Captain Nemo returned on board. Conseil and I remained to survey the shore, observing and studying until five o’clock. Then I went to bed, not, however, without invoking, like the Indian, the favour of the radiant orb. The next day, the 21st of March, at five in the morning, I mounted the platform. I found Captain Nemo there.
“The weather is lightening a little,” said he. “I have some hope. After breakfast we will go on shore and choose a post for observation.”
That point settled, I sought Ned Land. I wanted to take him with me. But the obstinate Canadian refused, and I saw that his taciturnity and his bad humour grew day by day. After all, I was not sorry for his obstinacy under the circumstances. Indeed, there were too many seals on shore, and and we ought not to lay such temptation in this unreflecting fisherman’s way. Breakfast over, we went on shore. The Nautilus had gone some miles further up in the night. It was a whole league from the coast, above which reared a sharp peak about five hundred yards high. The boat took with me Captain Nemo, two men of the crew, and the instruments, which consisted of a chronometer, a telescope, and a barometer. While crossing, I saw numerous whales belonging to the three kinds peculiar to the southern seas; the whale, or the English “right whale,” which has no dorsal fin; the “humpback,” with reeved chest and large, whitish fins, which, in spite of its name, do not form wings; and the fin-back, of a yellowish brown, the liveliest of all the cetacea. This powerful creature is heard a long way off when he throws to a great height columns of air and vapour, which look like whirlwinds of smoke. These different mammals were disporting themselves in troops in the quiet waters; and I could see that this basin of the Antarctic Pole serves as a place of refuge to the cetacea too closely tracked by the hunters.
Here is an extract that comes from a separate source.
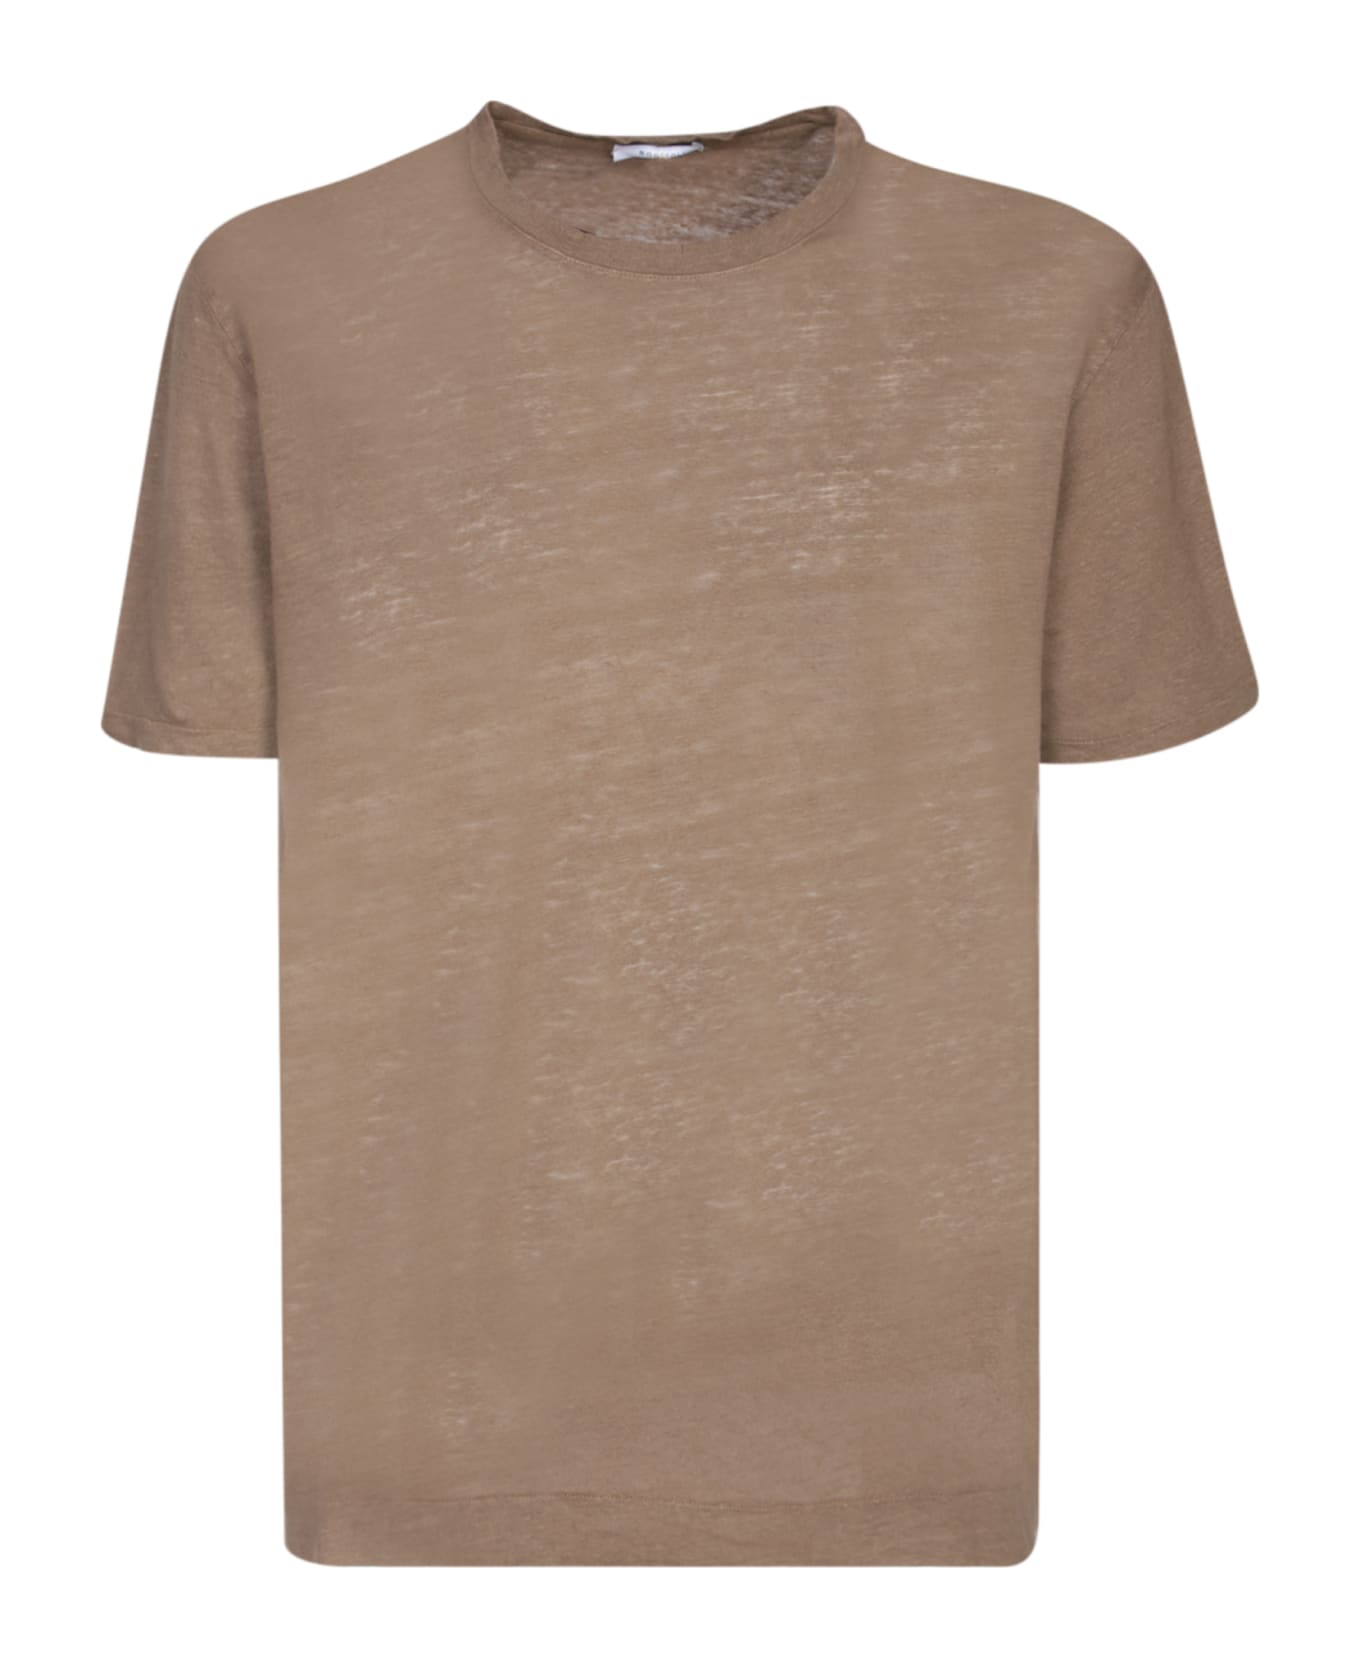 Boglioli Medium Beige T-shirt - Beige

I also noticed large medusae floating between the reeds.
At nine we landed; the sky was brightening, the clouds were flying to the south, and the fog seemed to be leaving the cold surface of the waters. Captain Nemo went towards the peak, which he doubtless meant to be his observatory. It was a painful ascent over the sharp lava and the pumice-stones, in an atmosphere often impregnated with a sulphurous smell from the smoking cracks. For a man unaccustomed to walk on land, the Captain climbed the steep slopes with an agility I never saw equalled and which a hunter would have envied. We were two hours getting to the summit of this peak, which was half porphyry and half basalt. From thence we looked upon a vast sea which, towards the north, distinctly traced its boundary line upon the sky. At our feet lay fields of dazzling whiteness. Over our heads a pale azure, free from fog. To the north the disc of the sun seemed like a ball of fire, already horned by the cutting of the horizon. From the bosom of the water rose sheaves of liquid jets by hundreds. In the distance lay the Nautilus like a cetacean asleep on the water. Behind us, to the south and east, an immense country and a chaotic heap of rocks and ice, the limits of which were not visible. On arriving at the summit Captain Nemo carefully took the mean height of the barometer, for he would have to consider that in taking his observations. At a quarter to twelve the sun, then seen only by refraction, looked like a golden disc shedding its last rays upon this deserted continent and seas which never man had yet ploughed. Captain Nemo, furnished with a lenticular glass which, by means of a mirror, corrected the refraction, watched the orb sinking below the horizon by degrees, following a lengthened diagonal. I held the chronometer. My heart beat fast. If the disappearance of the half-disc of the sun coincided with twelve o’clock on the chronometer, we were at the pole itself.